Tuesday, April 21, 2020

Equitable Conferencing: Caregivers Perspectives and Prospects

Assessing the Challenges and Barriers to Conference Participation
by Layla Alanazi,
Virginia Common Wealth University

As a mother of an infant and a toddler, a wife, and a Ph.D. student, I took the decision to take my children with me in all of the conferences which I plan to attend. My husband has been of great help to me as he babysits with them at the hotel where we are staying while I present, participant, and enjoy the conferences. While we both as a couple started our family as graduate students and we both have the same career bath, things do not always seem easy as it sounds. 


For me as a mother, planning to attend a conference while having young children is a challenge in many ways. First, there is no space or childcare accommodation in any of the conferences that I have been to except a few that provide nursing or breastfeeding rooms for mothers. Second, the financial difficulties that we undergo to go as a family to attend a conference is always a serious issue. Examples of these costs include purchasing air tickets, providing appropriate accommodations for a family, and childcare Third, I have to lose many conference opportunities or try other ways like coauthoring as a way to opt-out from presenting at conferences to meet my motherhood responsibilities. 

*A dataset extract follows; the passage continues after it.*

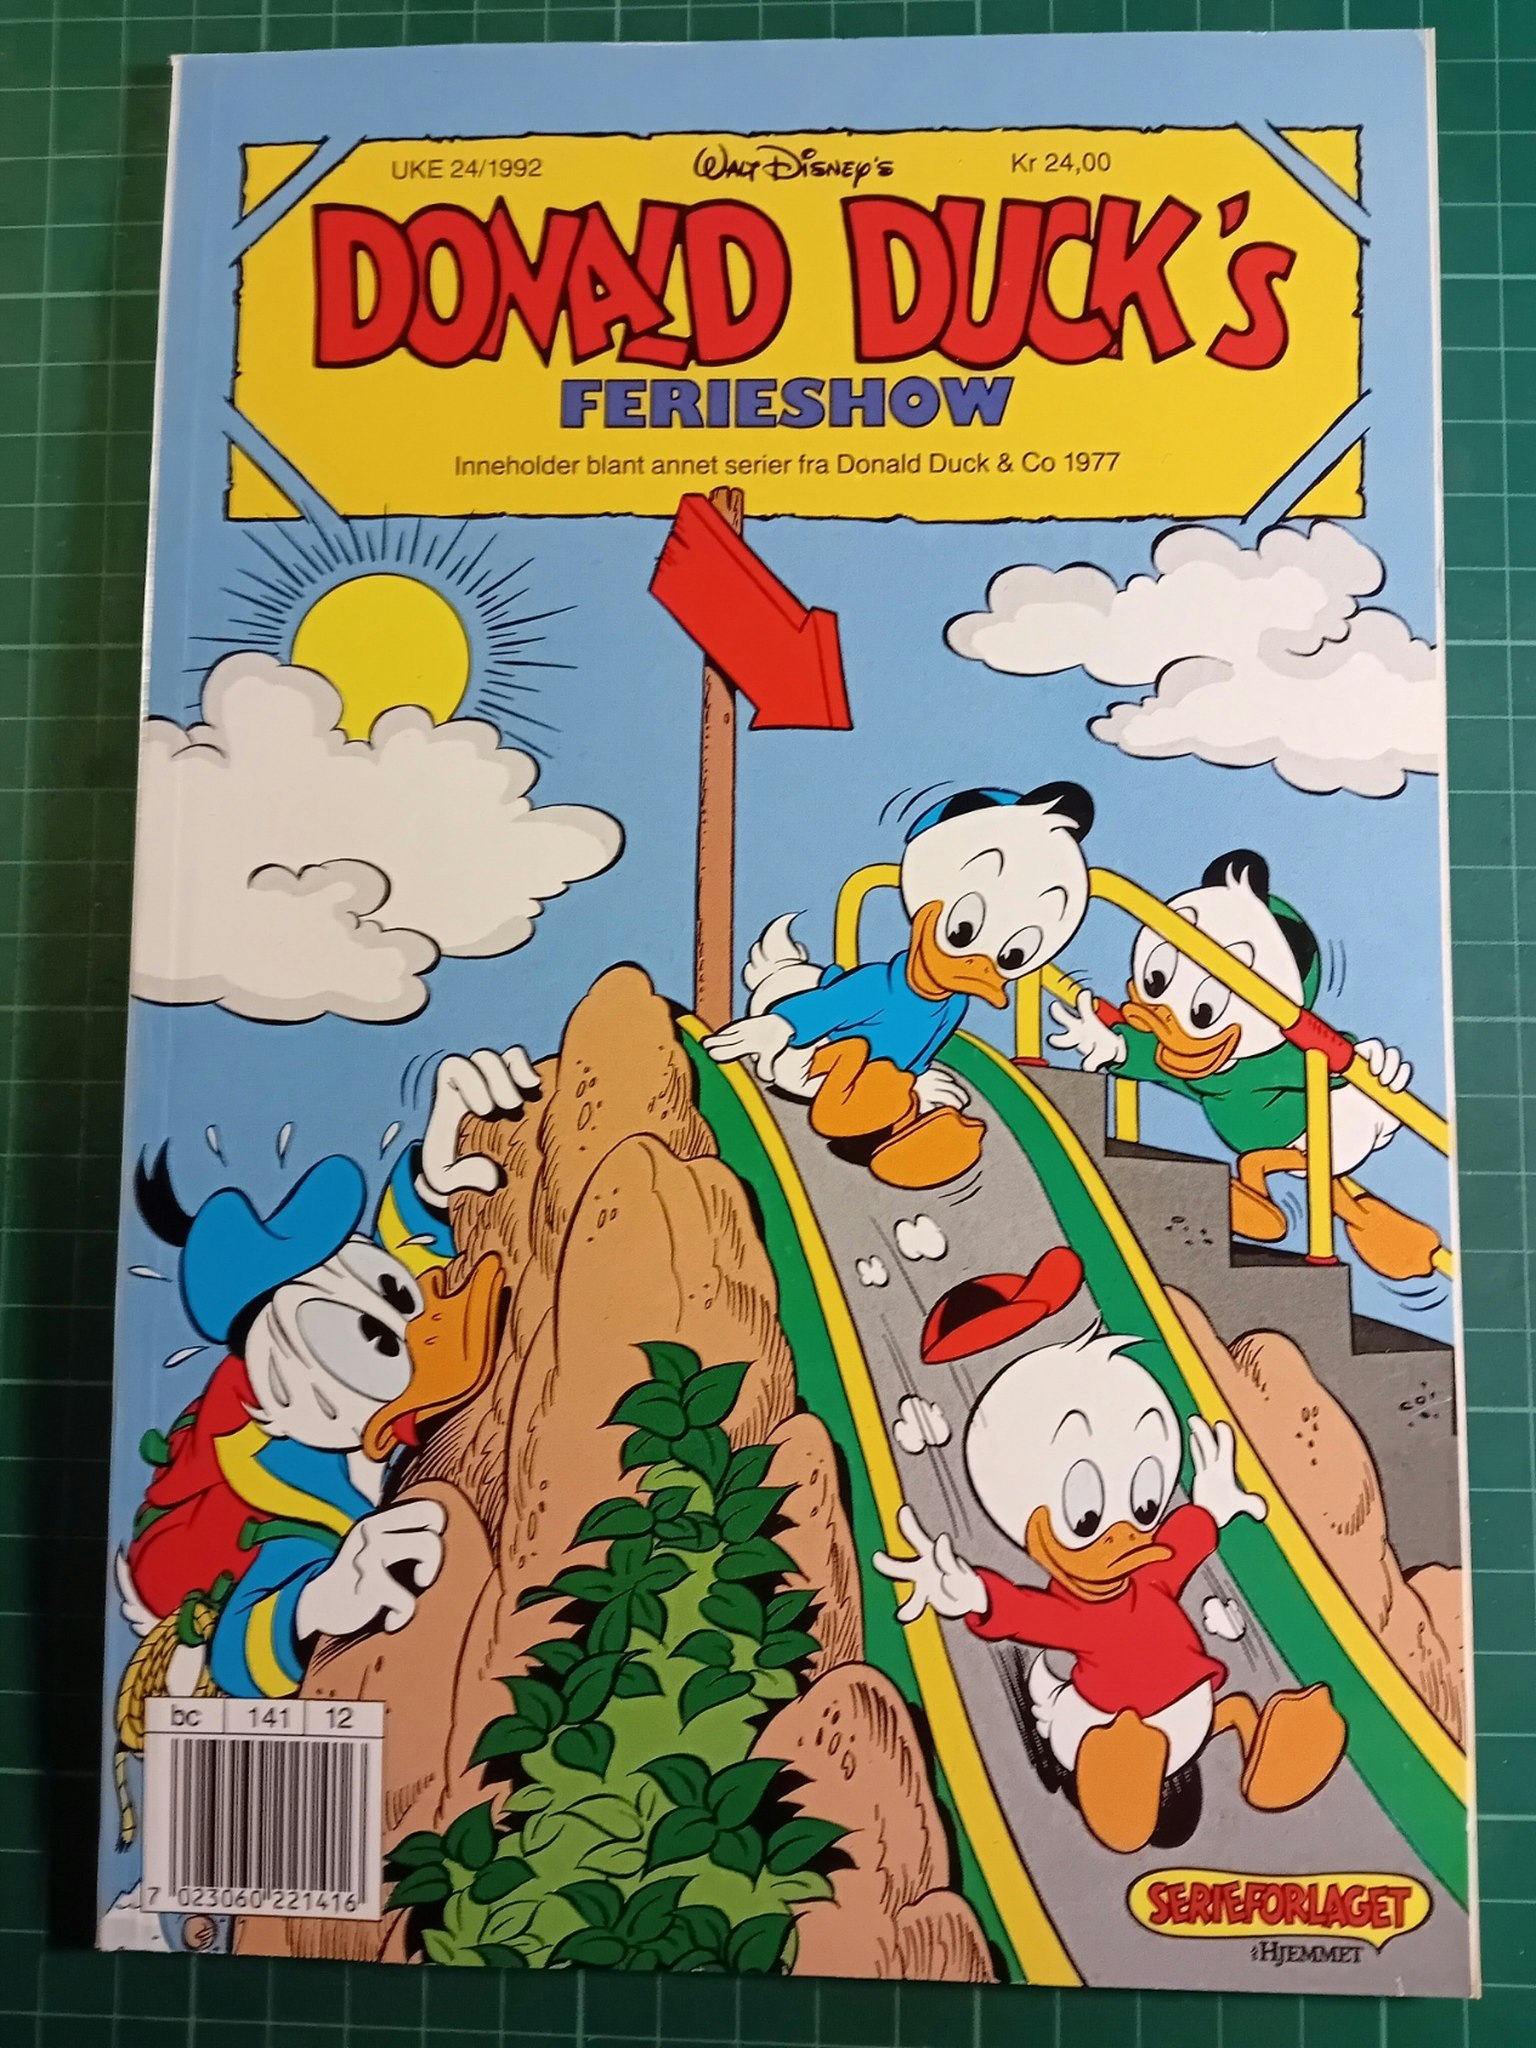 Donald Ducks 1992 Ferie show

Attending and participating in conferences for a mother like me with young children sometimes feels like a burden. Not a burden in terms of money, but always in terms of time and the expectations for research, work, and the various school duties. While I do not believe it is a healthy thing for our family or others with the same situations to exceed those expectations, the culture of academia needs to change towards mothers with children. At the school level, there must some kind of policies granting incentives for women scholars with children to participate in conferences, most notably graduate students. Examples of those incentives can include reimbursing the student to cover for travel or childcare incurred costs. At the conference level, logistics should not impede the full participation of parents with children. These logistics can include arrangements, such as providing an affordable childcare zone, planning family-friendly activities, allocating nursing rooms for mothers, and organizing special receptions for families traveling with children. 


At the macro level, School policies need to be set fairly to save families in terms of providing an appropriate maternal leave, financial support, and accommodations, so that no student-regardless of his or her gender-is left behind. While no study shows how many women opt out of graduate school to meet their motherhood responsibilities, the current structure of academia has unfairly empowered men and childless women, and participate in systematically marginalizing women and their dependents. To better provide a healthy, non-toxic, and non-stressful School environment for mothers with young children, policymakers need to answer urgent questions: what policies have been made to address this challenge, and what steps have been taken to help remove the barriers to conference participation for this group? 


Layla is a Ph.D. candidate in Public Policy and Administration program at the Wilder School of Government & Public Affairs at Virginia Commonwealth University.  She holds a master’s degree in Global Human Resources Management from the Management School at the University of Liverpool. Also, she holds another master’s degree in Industrial Relations and Human Resources from the College of Business and Economics at West Virginia University. Her research interests include human resources management, organizational behavior, performance management, and public management.